Input data
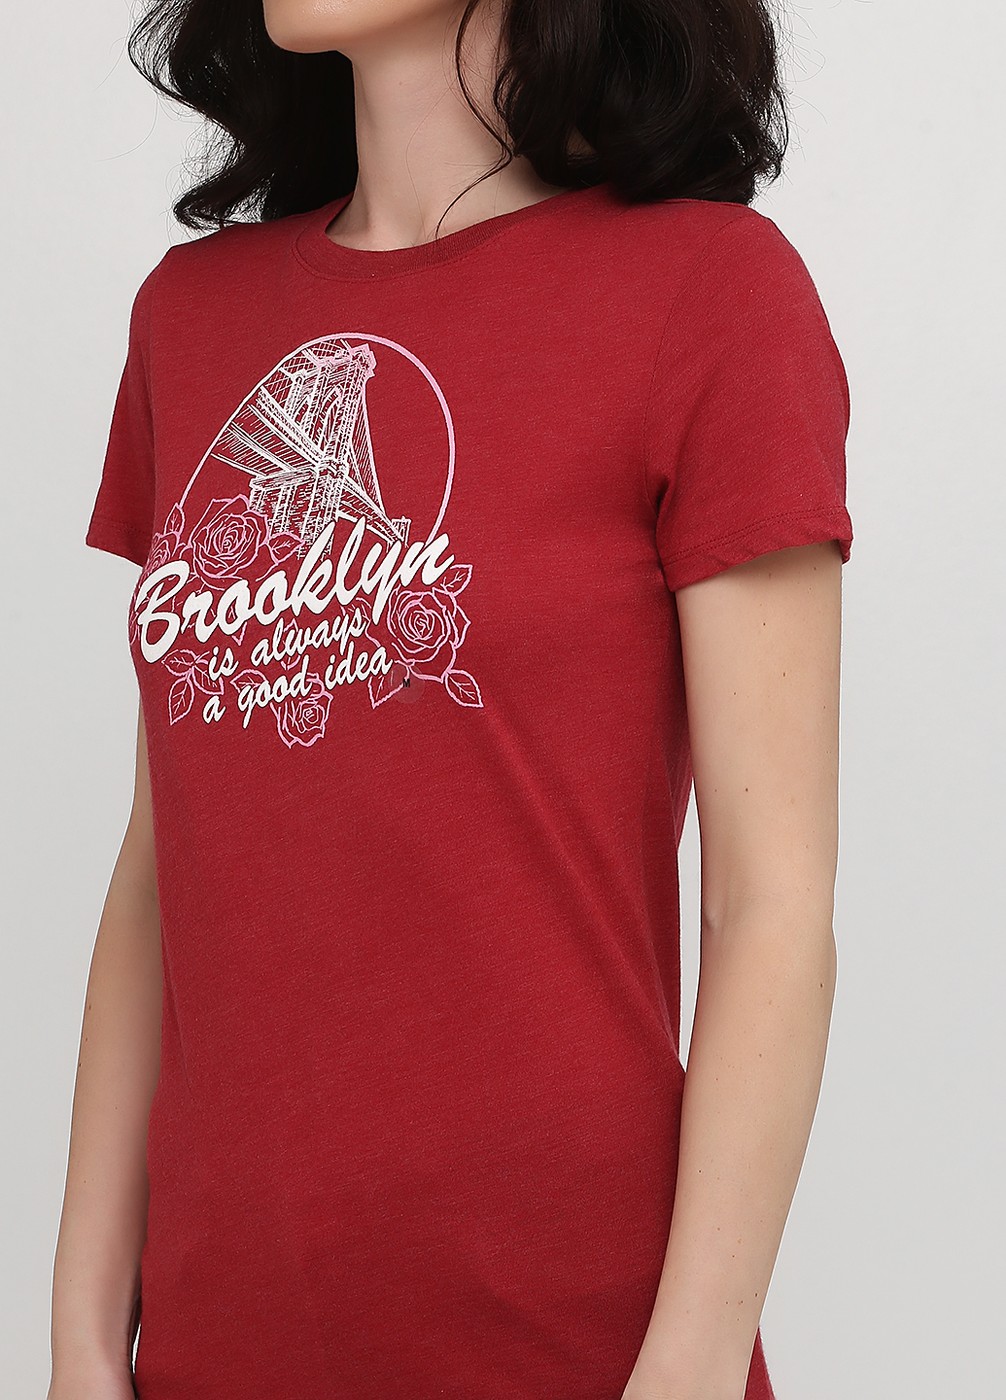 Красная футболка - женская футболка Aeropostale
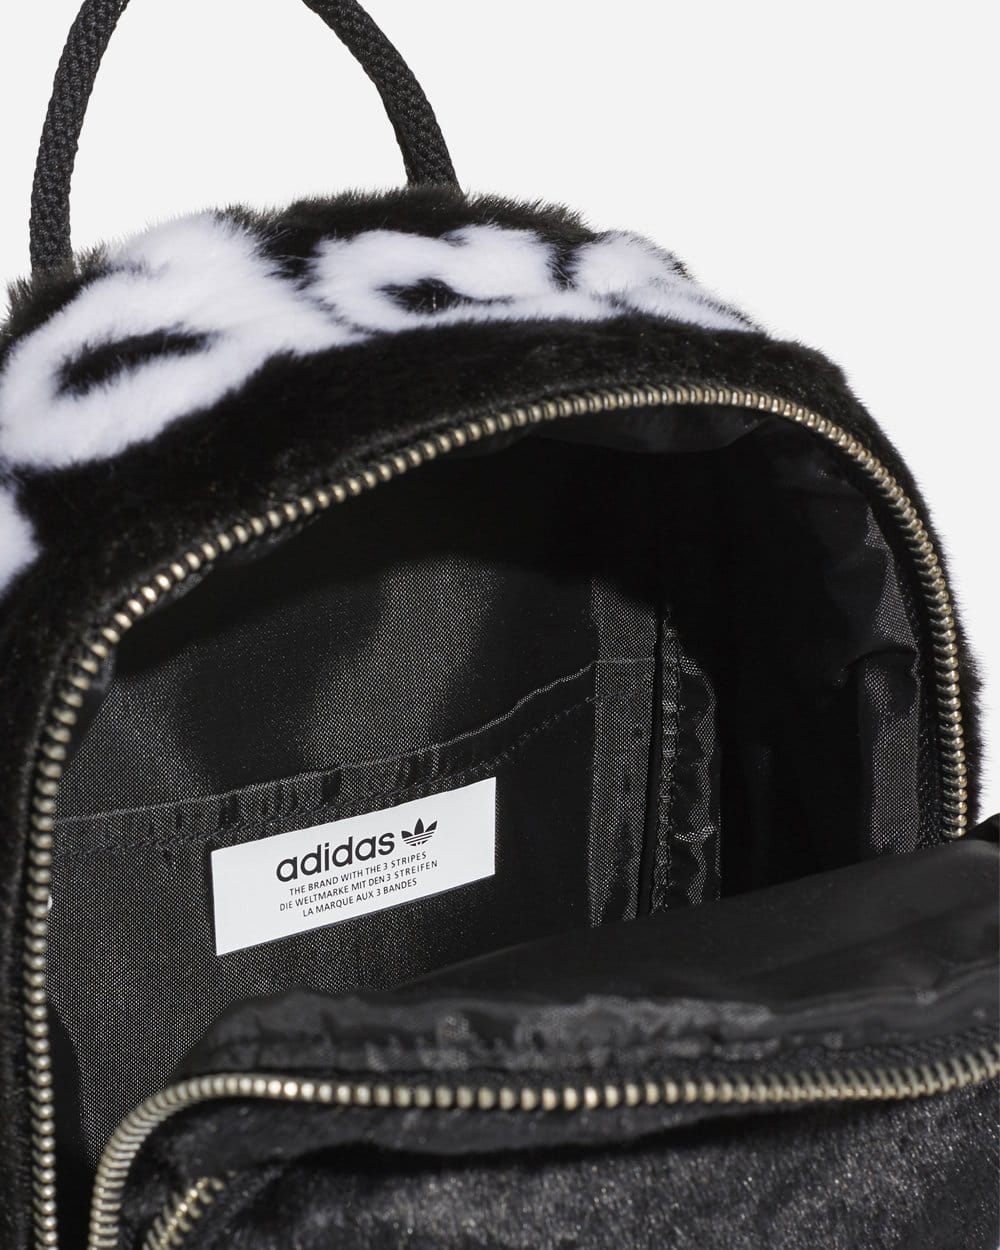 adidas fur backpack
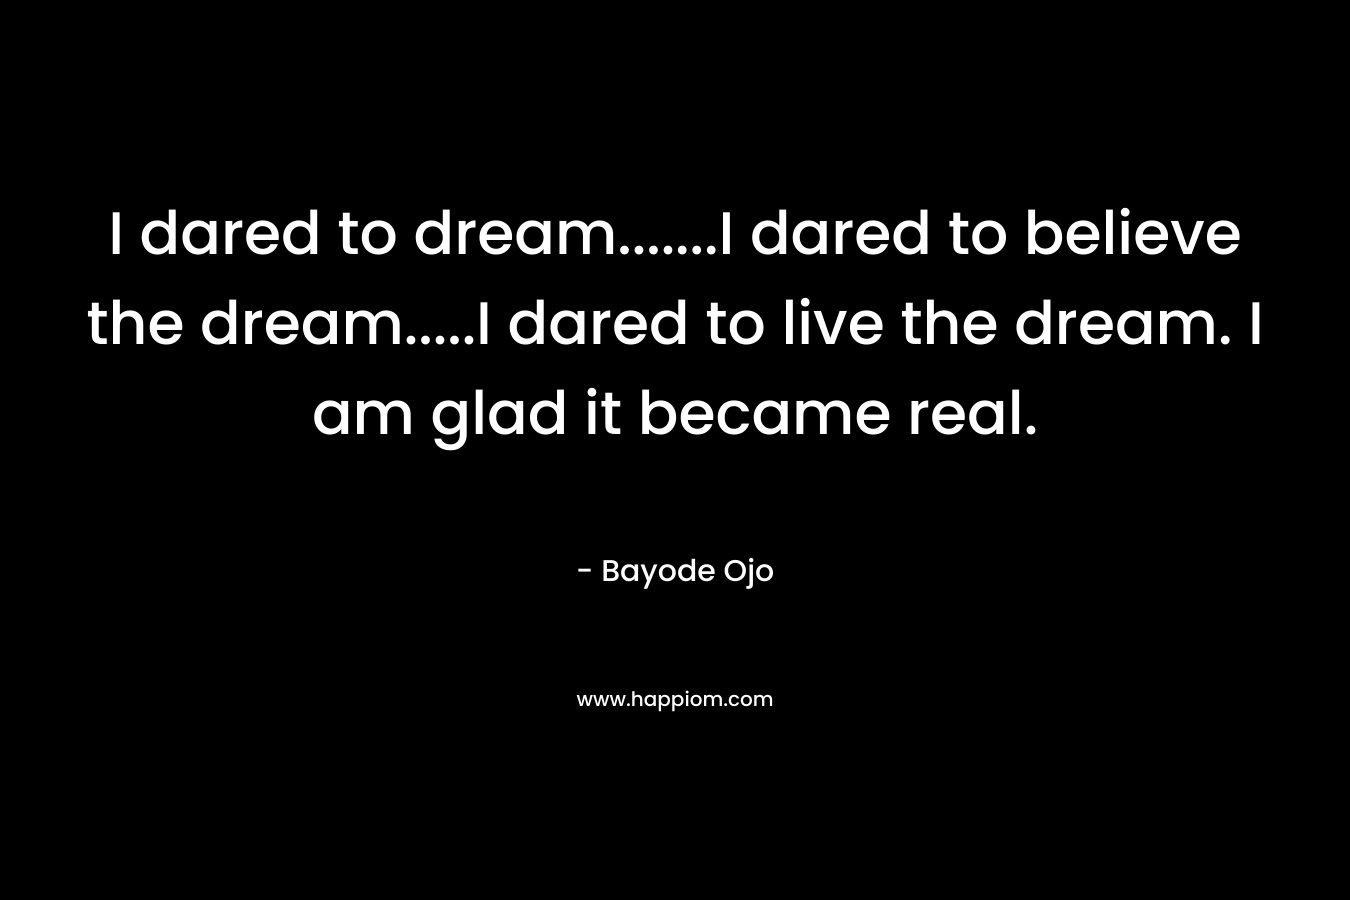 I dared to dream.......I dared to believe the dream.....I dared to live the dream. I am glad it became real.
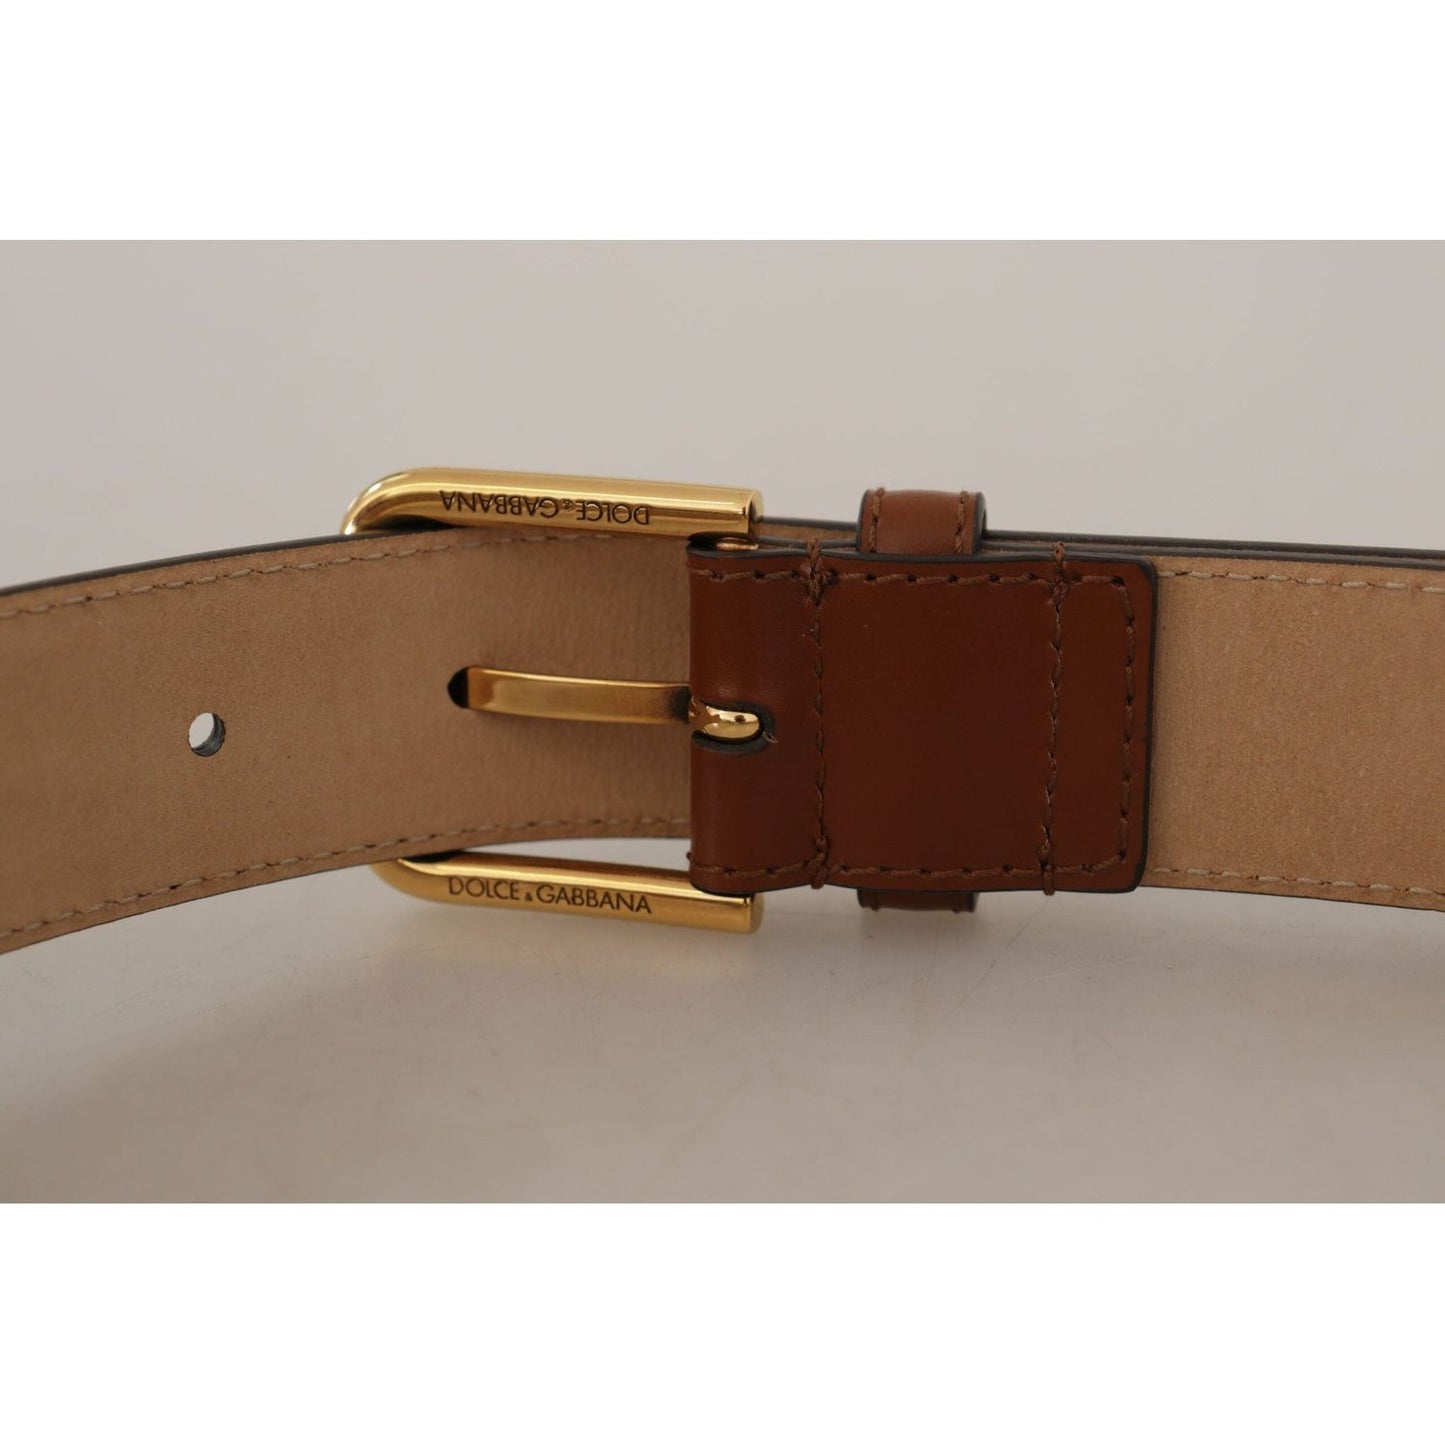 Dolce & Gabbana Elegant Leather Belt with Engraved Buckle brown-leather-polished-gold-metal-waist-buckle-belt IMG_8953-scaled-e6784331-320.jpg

How to complete this task
Please set down, word for word, the lines starting at the line that holds "adidas fur backpack" and running to the end of the listing, with no pictures.

Output
 adidas fur backpack
 I dared to dream.......I dared to believe the dream.....I dared to live the dream. I am glad it became real.
 Dolce & Gabbana Elegant Leather Belt with Engraved Buckle brown-leather-polished-gold-metal-waist-buckle-belt IMG_8953-scaled-e6784331-320.jpg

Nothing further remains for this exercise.